- Extracted information
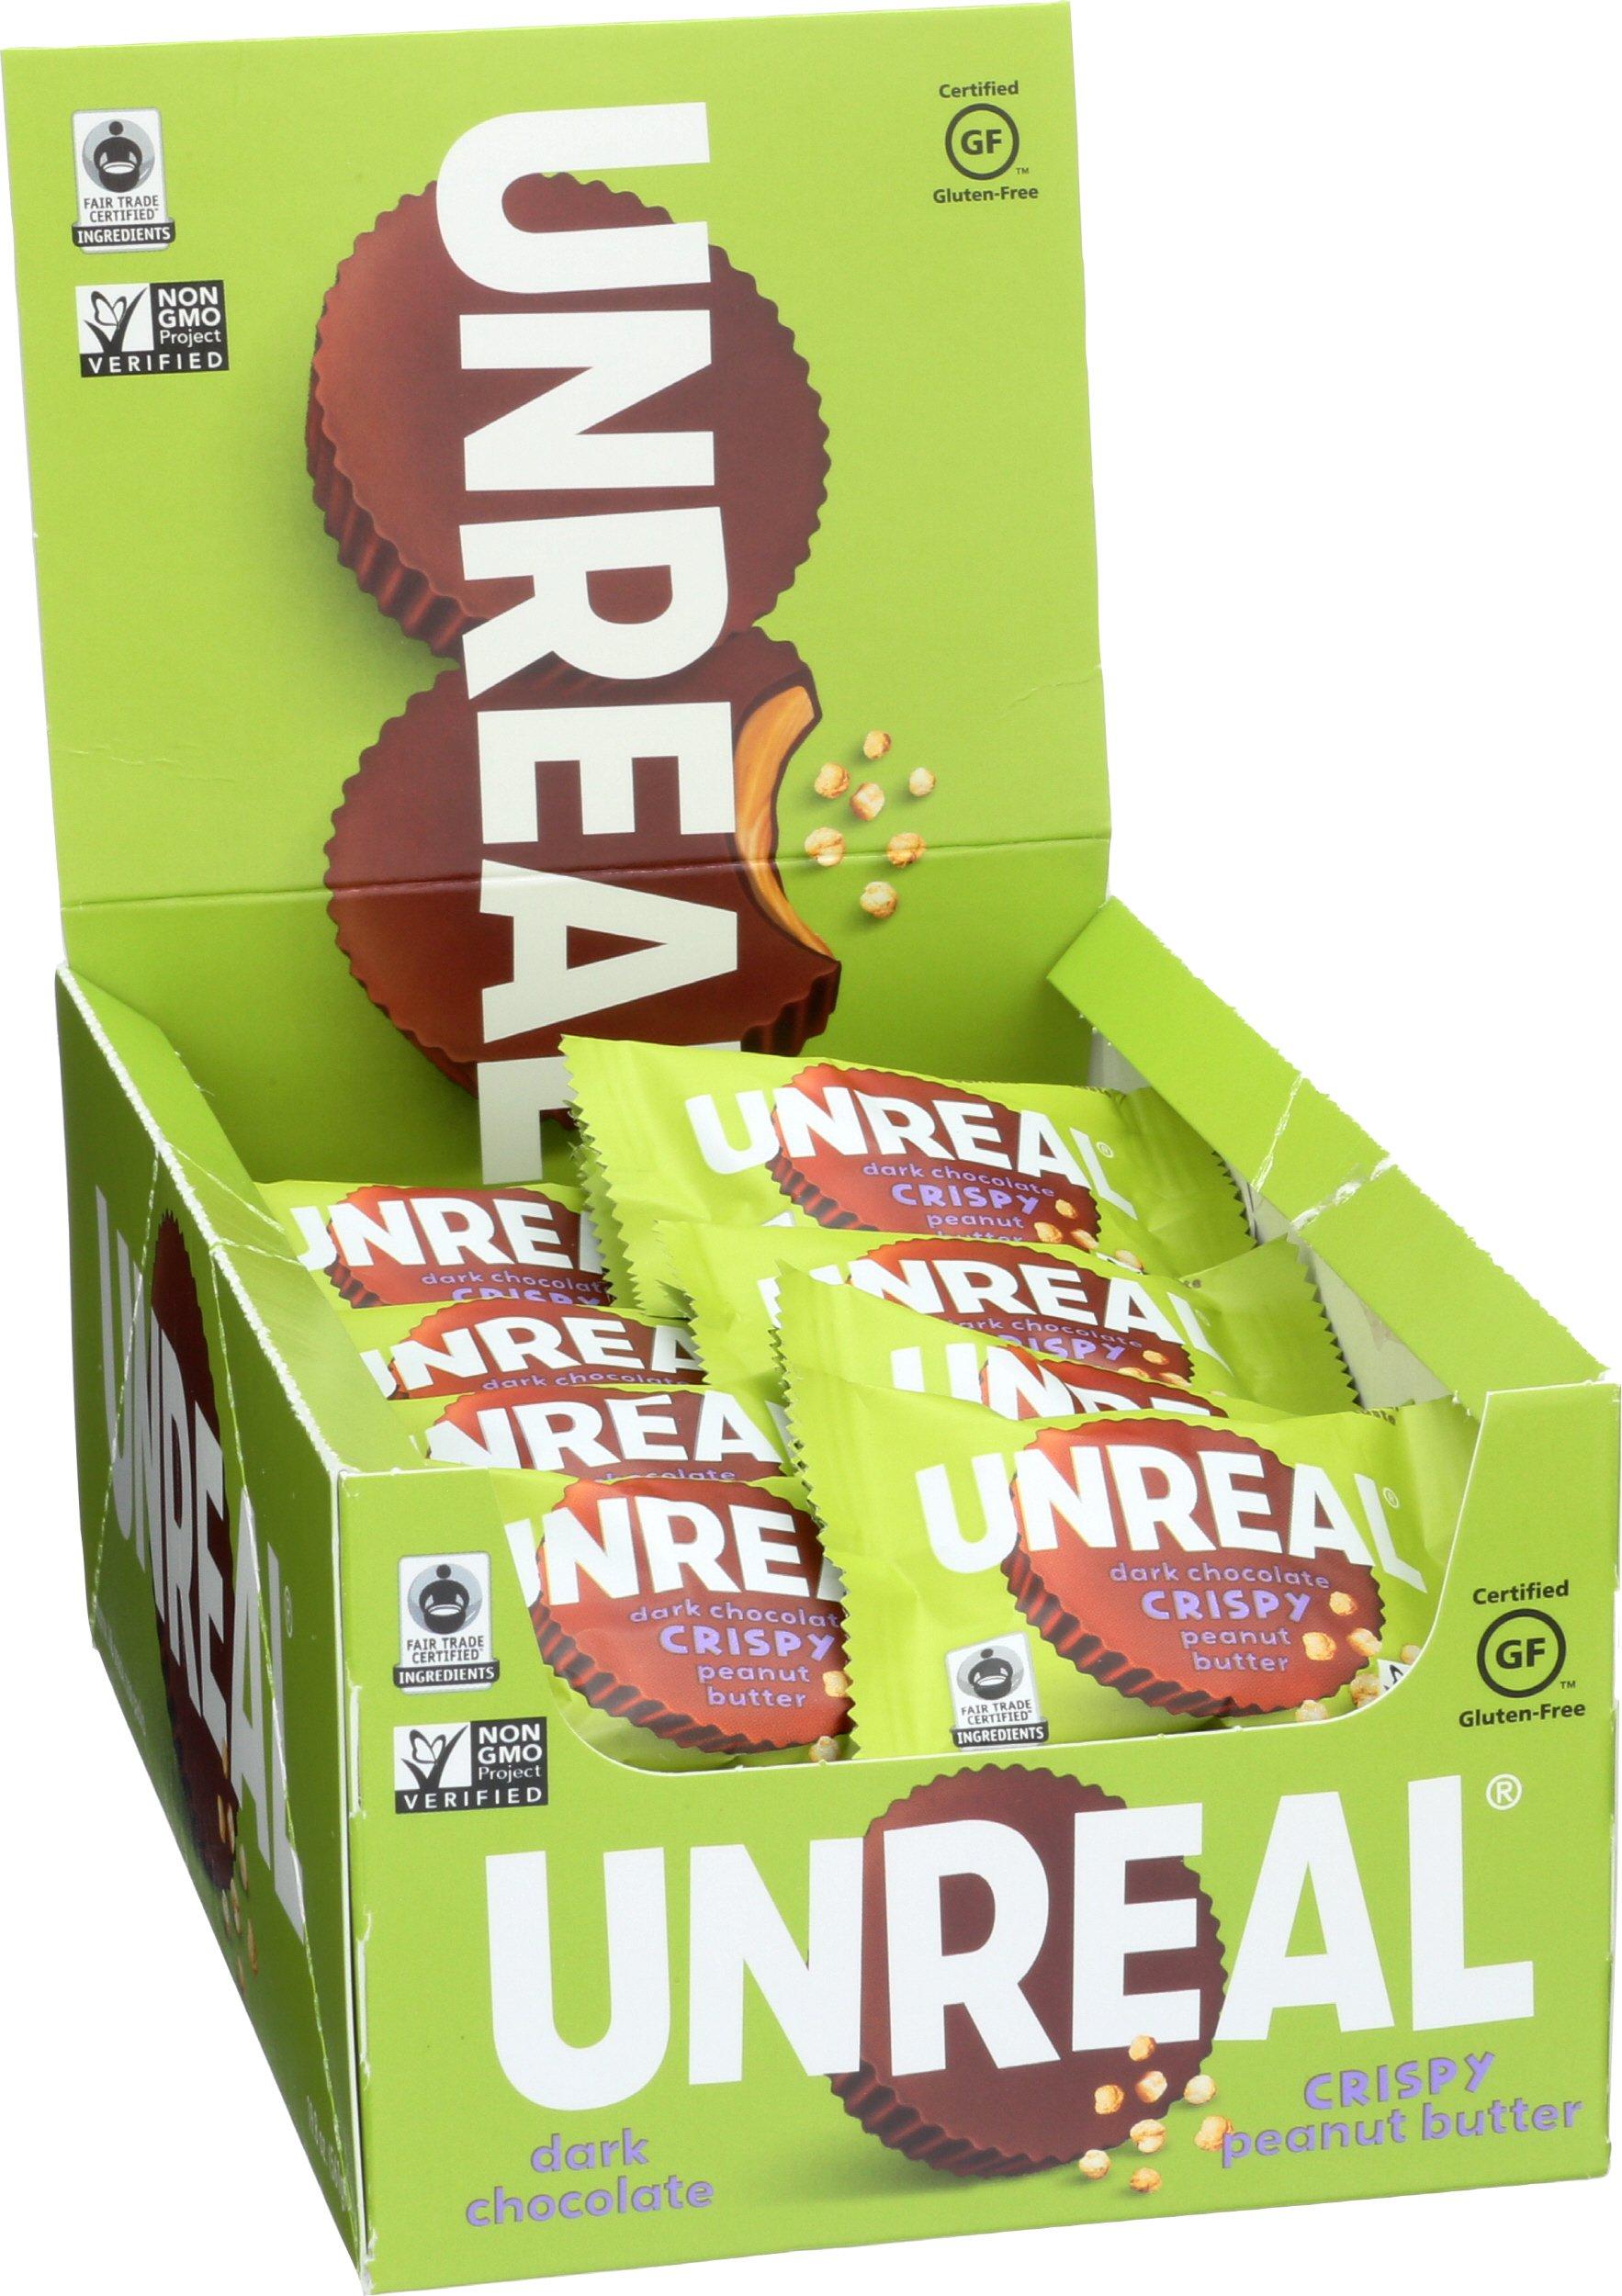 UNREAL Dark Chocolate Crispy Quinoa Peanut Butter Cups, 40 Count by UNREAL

--

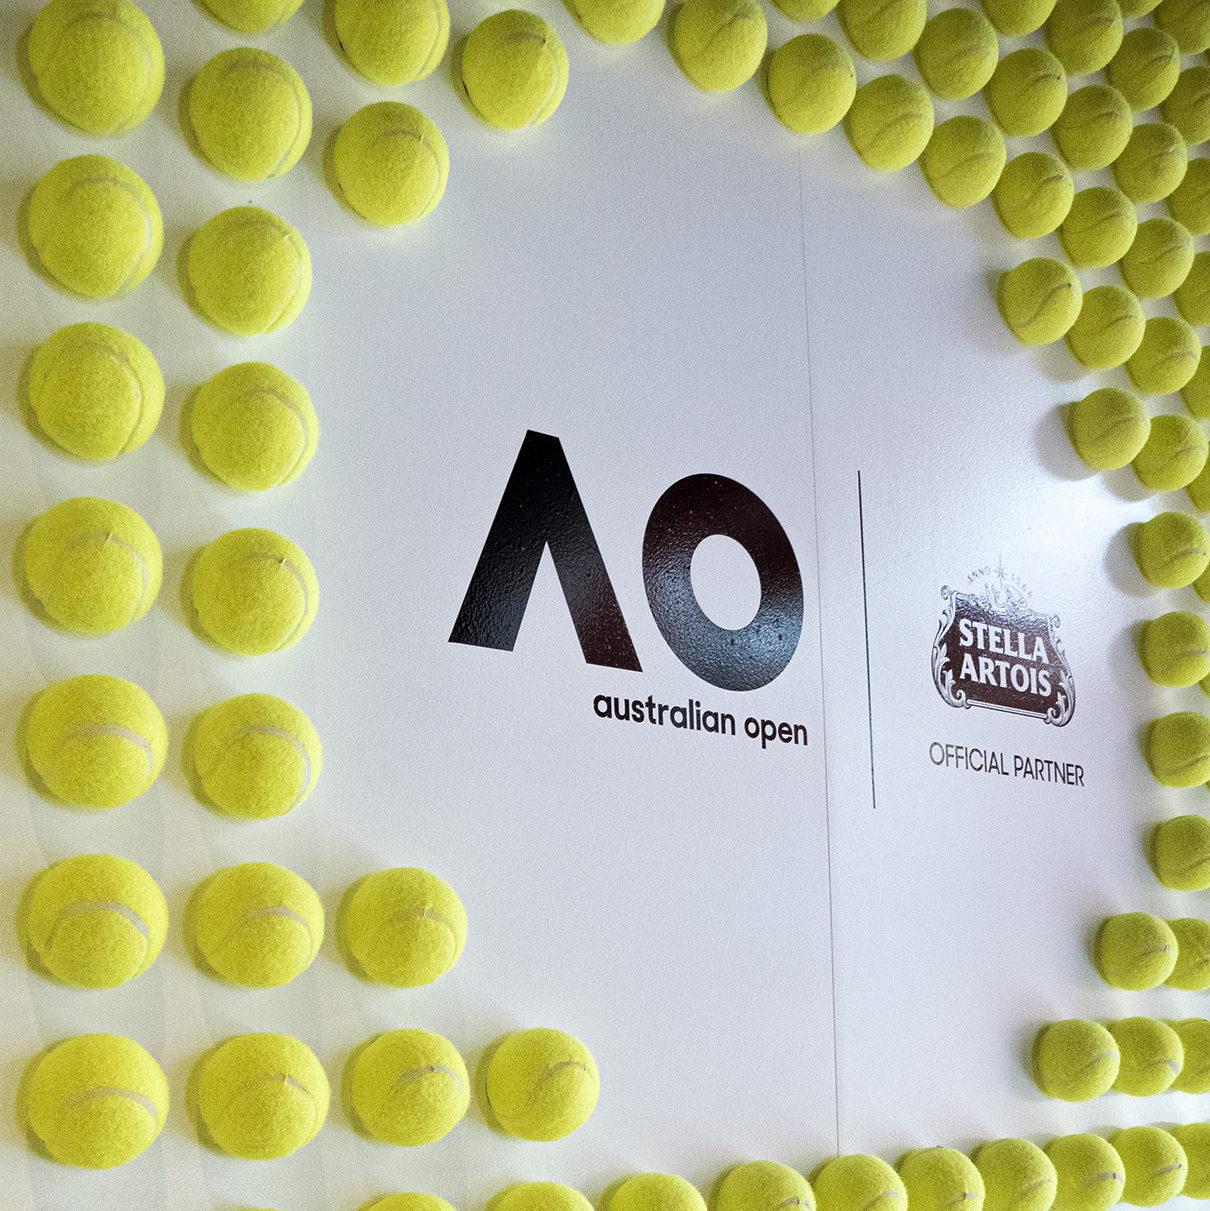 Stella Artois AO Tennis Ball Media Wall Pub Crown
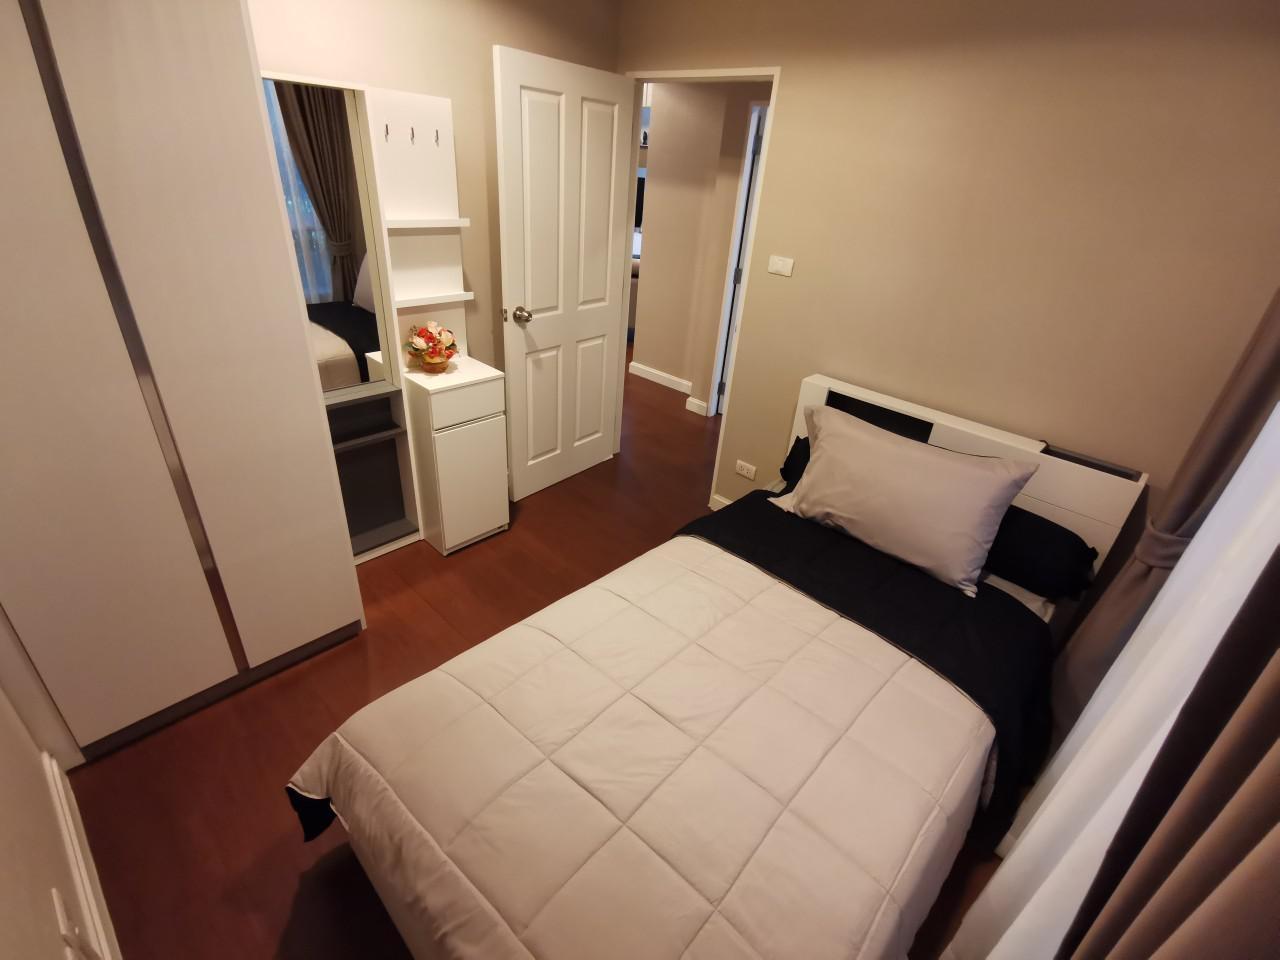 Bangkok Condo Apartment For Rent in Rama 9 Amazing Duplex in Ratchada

- Exercise
Pictures excluded, reproduce only the part above that opens with the line holding "Stella Artois AO" and closes with the line holding "Bangkok Condo Apartment", exactly as written.

- Output for this exercise
 Stella Artois AO Tennis Ball Media Wall Pub Crown
 Bangkok Condo Apartment For Rent in Rama 9 Amazing Duplex in Ratchada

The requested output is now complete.